Photo credit:Nick Turchiaro-USA TODAY Sports
I’m not mad, I’m just disappointed in the Leafs
By Jon Steitzer1 year ago
Before even getting started into any of this, I want to take a moment as the Managing Editor of The Leafs Nation to thank all of you that chose to read our site over the past year. Coming out of the Montreal series last year it seemed easy to quit on the Leafs, and instead, we saw our readership grow to record numbers over the past year and that has taught me that “The Passion” is an authentic thing with the Leafs fanbase.
I’d also like to take a moment to thank the wonderful contributors to TLN. We’ve produced a ton of content this year and in my opinion been the most interesting source for Leafs news on the world wide web. This group has a bright future, and the fact that this season for the first time in site history we had credentialed coverage of the Leafs, Marlies, and the Growlers is a first for the site that I am very proud of, but can’t take any of the credit for. Couple that with great coverage of Leafs prospect, CBA knowledge that is second to none, Toronto Six coverage, and the ability to break down all things Leafs, this group got it done, and think that like the Leafs, they hunger to be even better next season. I know my work on improving the site for next season starts right now, and I’m already trying to put some exciting new things into action for you all.
Now, onto my final thoughts on the Leafs’ playoff “run”.
I’m going to go into full Dad mode with the “I’m not mad, I’m just disappointed angle.” The Lightning were very close to the Leafs in the standings, and if Point and Kucherov had been healthier this season, it’s very easy to see how they could have been ahead of the Leafs in the standings. The Lightning also had the luxury of using some of that cap space to be overactive at the trade deadline this year, something the Leafs might have been too reserved on (this isn’t a hindsight 50/50 thing, myself and others on the site were calling for this at the deadline too.) The point is that the Leafs, while a very good number 2 seed, faced about as strong a 3 seed as you could get, and this is before mentioning that the Lightning has won the previous two Stanley Cups. Still, the Leafs burned through any good faith in the previous two years by losing to Columbus and Montreal.
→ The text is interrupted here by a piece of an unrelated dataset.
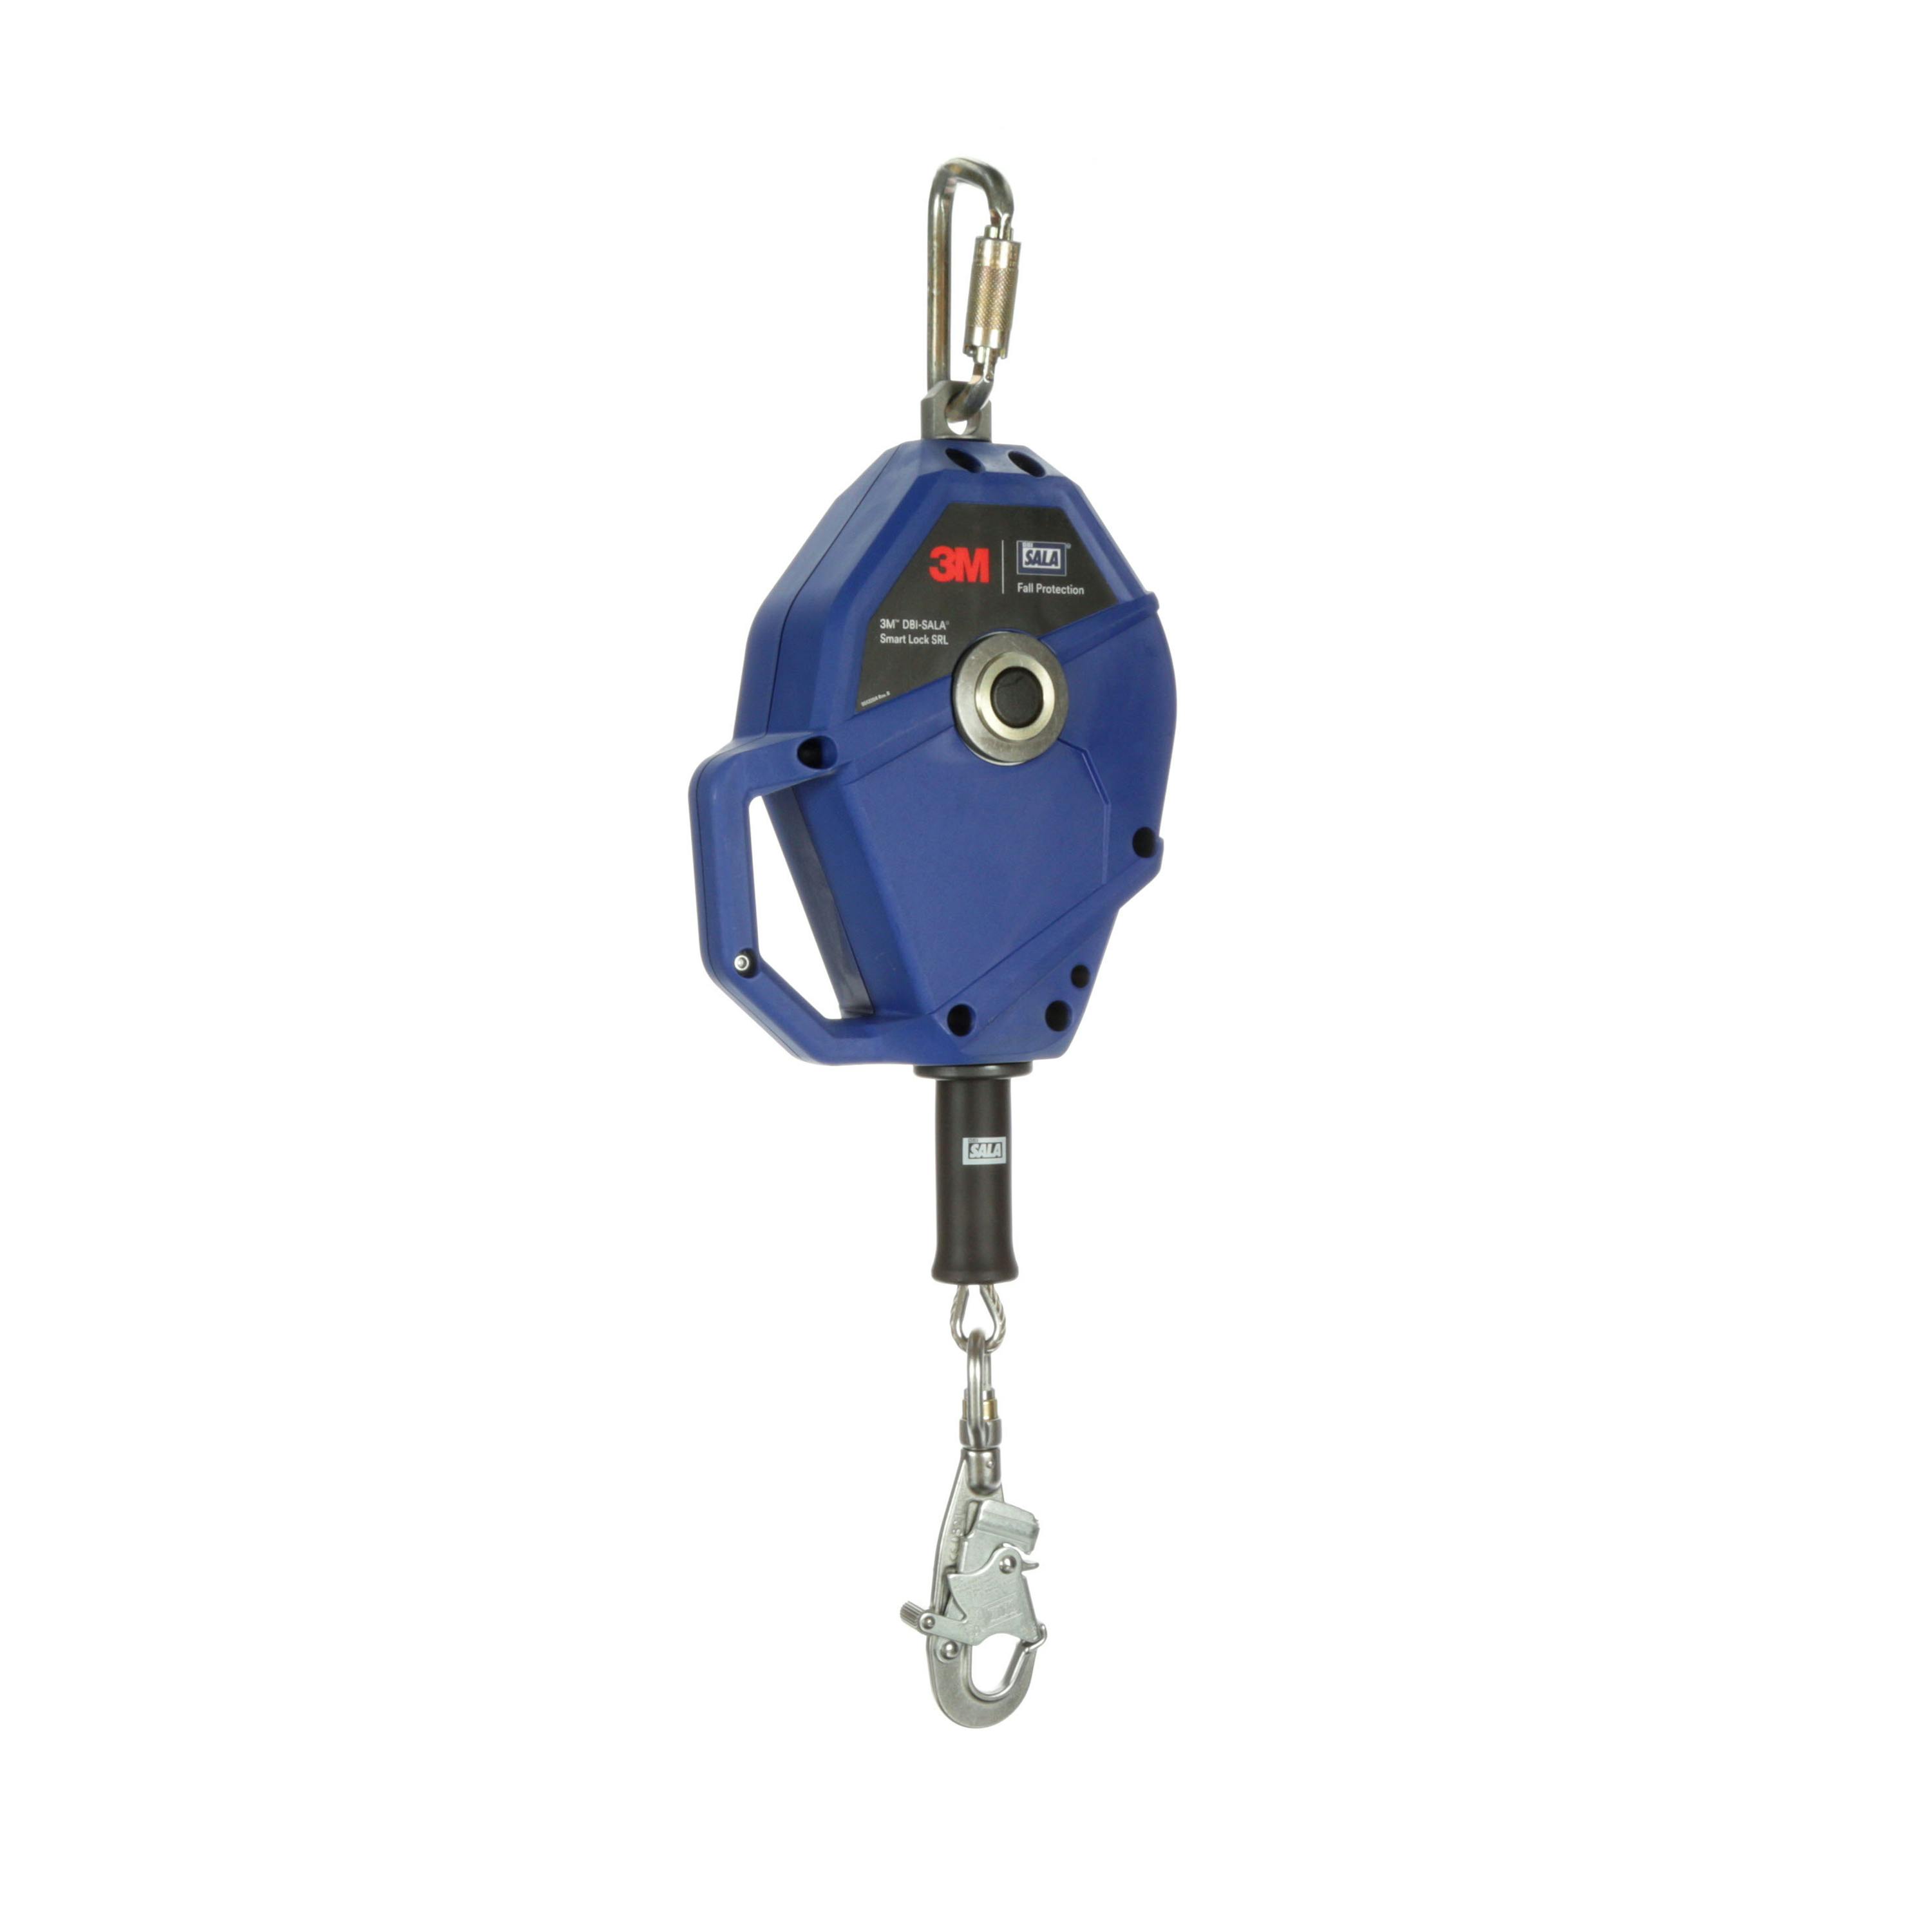 3M™ DBI-SALA® Smart Lock Self-Retracting Lifeline 3503804, Stainless Steel Cable, Blue, 6 m

Tampa might have been tougher competition, but the bar was set on this team needs to be raised to have better results regardless, they didn’t, even if it is understandable why.
Pointing fingers at players is even a challenge this year. The Leafs generally played well. You can look at Tavares having a slow start to the series, but he unquestionably came on strong later. Morgan Rielly had his established defensive gaps, but those are pretty well known and he wasn’t going to change. He drove the play he was supposed to, so I’m not prepared to fault him for not spontaneously developing a new aspect of his game. Getting mad at Justin Holl often seems pointless to me as well. He’s a solid enough defenseman and has a strong enough cast ahead of him on the depth chart that putting anything on him seems like a stretch. Ditto for Ilya Lyubushkin, who doesn’t seem like he’s going to be invited back, but was very serviceable during his time here. He just shouldn’t have been used in top pairing situations. Ever.
We can yell about reffing, we all saw what happened. We know it was bullshit, but we’ve also been here before. This reffing is nothing new to the NHL or the Leafs, and while we can maintain hope that someday it will be fixed, shouting about reffing is shouting against a brick wall, and overcoming bad reffing is part of what needs to be done, not an excuse to justify losing.
So truly, where does that leave us? The Leafs streak of being done before the second round will be 19 years next year. That means there will be people in the bar next year watching a Leafs playoff game that has never had a second-round game in their lifetime. And considering how much of the playoff futility has now happened on the watch of this Hockey Ops department, that’s not something they can ignore or dismiss.
The Leafs’ core isn’t rotten, but the salaries of the Leafs’ core do create some roadblocks to roster improvement. The supporting cast of the Leafs is solid, and I wouldn’t expect a roster blowup, but I’d expect that anyone not named Matthews, Marner, and Bunting to be at risk of not returning.
Keefe is at risk. Dubas is at risk. Shanahan is at risk. That said, if they aren’t back, I’d be shocked. You can find reasons to criticize any of them, but you can also see where they’ve delivered as well.
We’ll certainly be discussing this a lot, over the coming days, coming weeks, and coming months, so for now, I’d say statements like “believing in this group” aren’t going to fly this offseason. The group was very good this year, but we’ve probably moved past the point where it’s a matter of running the same group back time after time and waiting for their best results. The season provided a lot of hope after a Montreal series that left many of us feeling hopeless. This playoff series doesn’t leave me feeling hopeless, just wanting. Maybe that’s progress.